Dataset extract
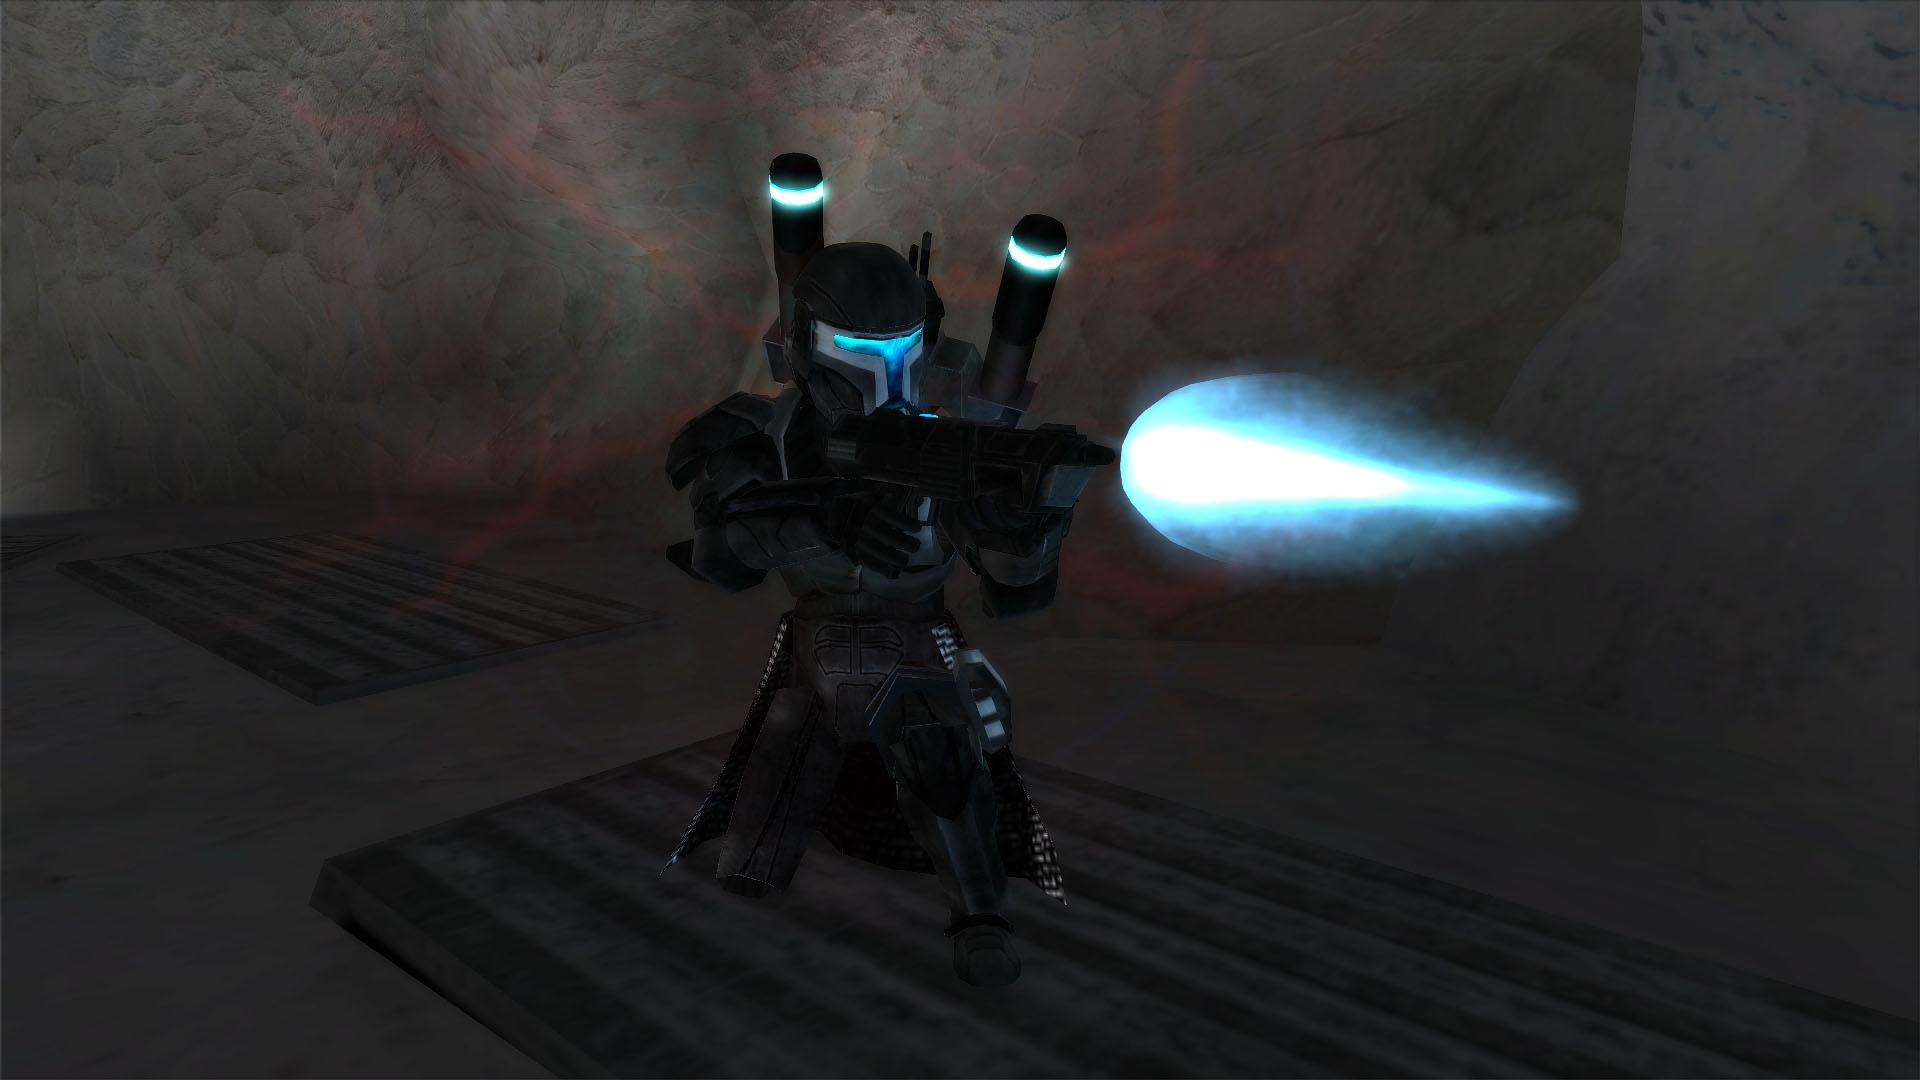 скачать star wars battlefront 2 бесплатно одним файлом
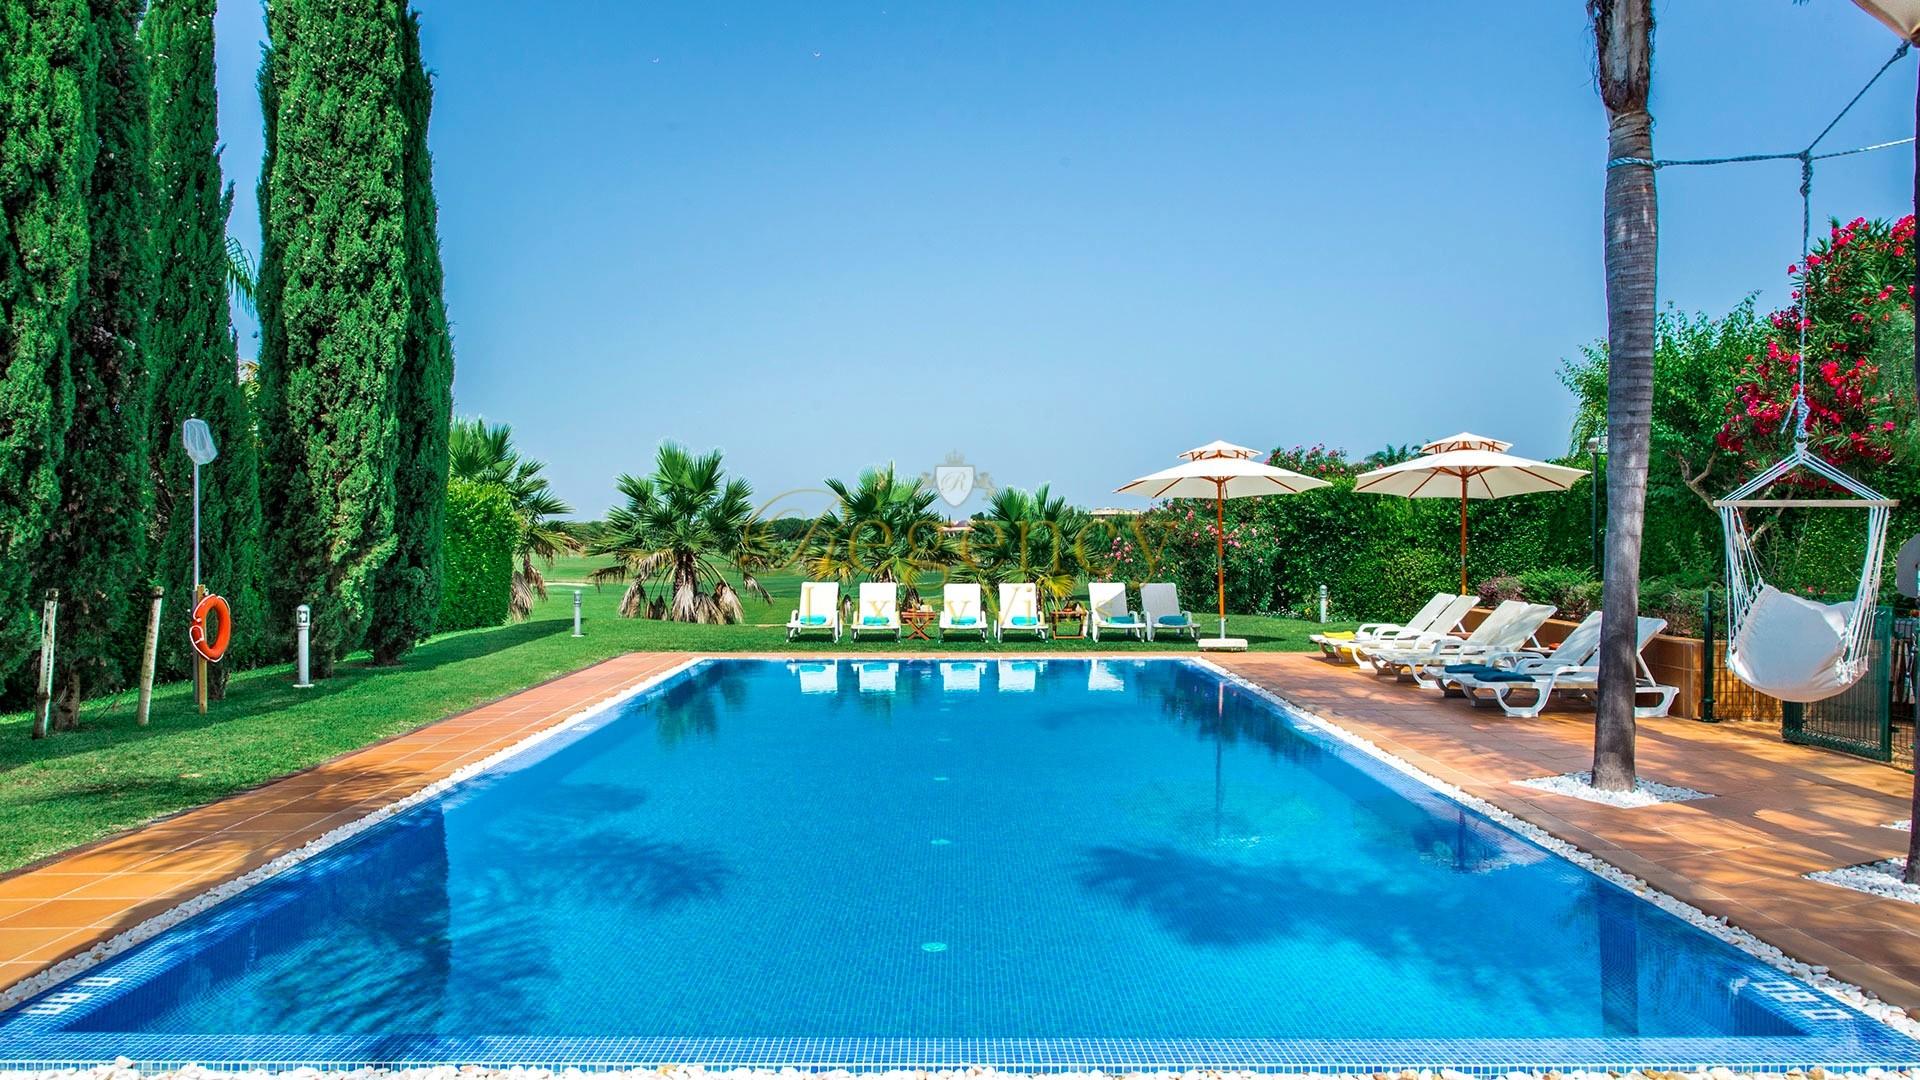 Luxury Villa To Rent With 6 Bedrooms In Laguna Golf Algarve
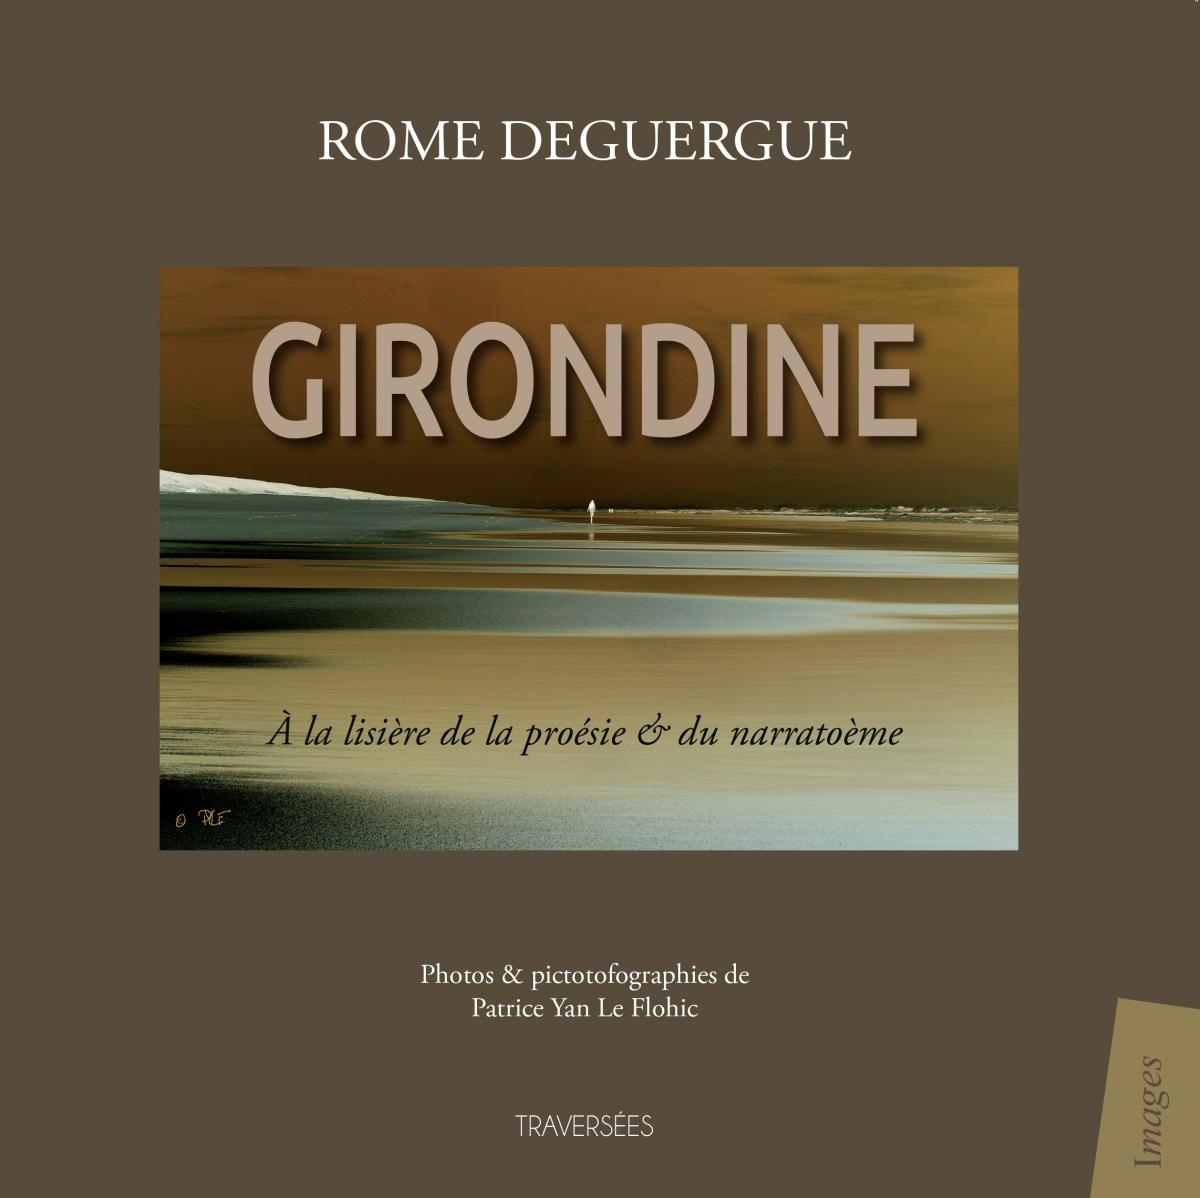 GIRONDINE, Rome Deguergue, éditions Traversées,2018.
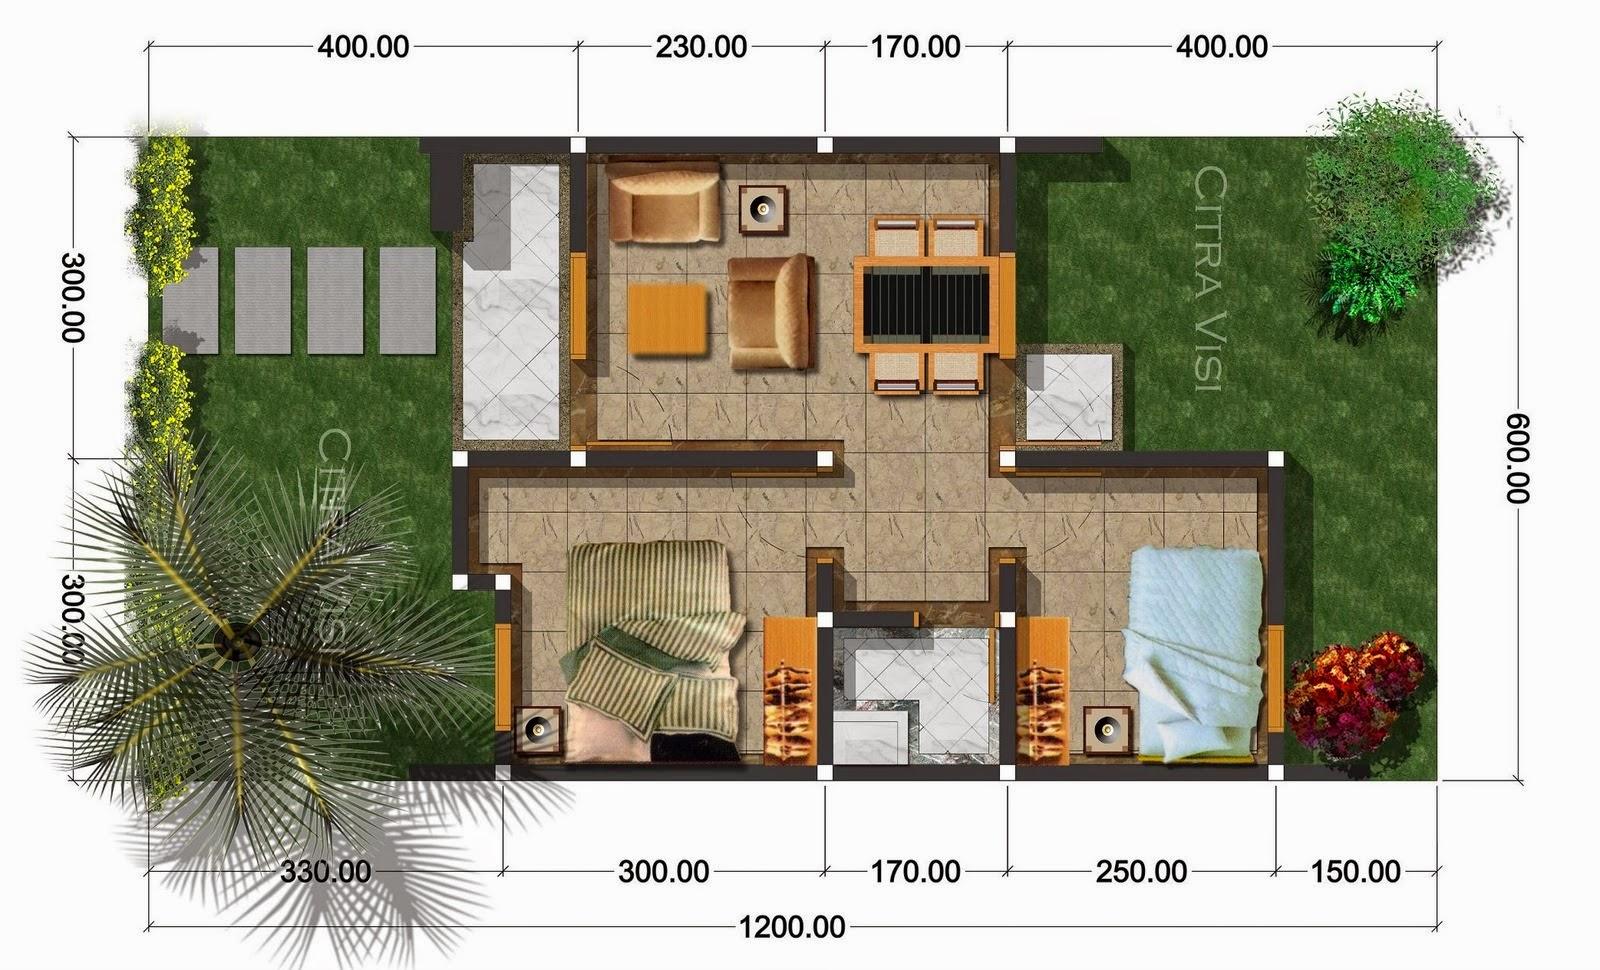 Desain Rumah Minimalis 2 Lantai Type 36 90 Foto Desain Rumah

Exercise
Each line of the data above needs to be retyped as it is, without any picture.

Response for this exercise
 скачать star wars battlefront 2 бесплатно одним файлом
 Luxury Villa To Rent With 6 Bedrooms In Laguna Golf Algarve
 GIRONDINE, Rome Deguergue, éditions Traversées,2018.
 Desain Rumah Minimalis 2 Lantai Type 36 90 Foto Desain Rumah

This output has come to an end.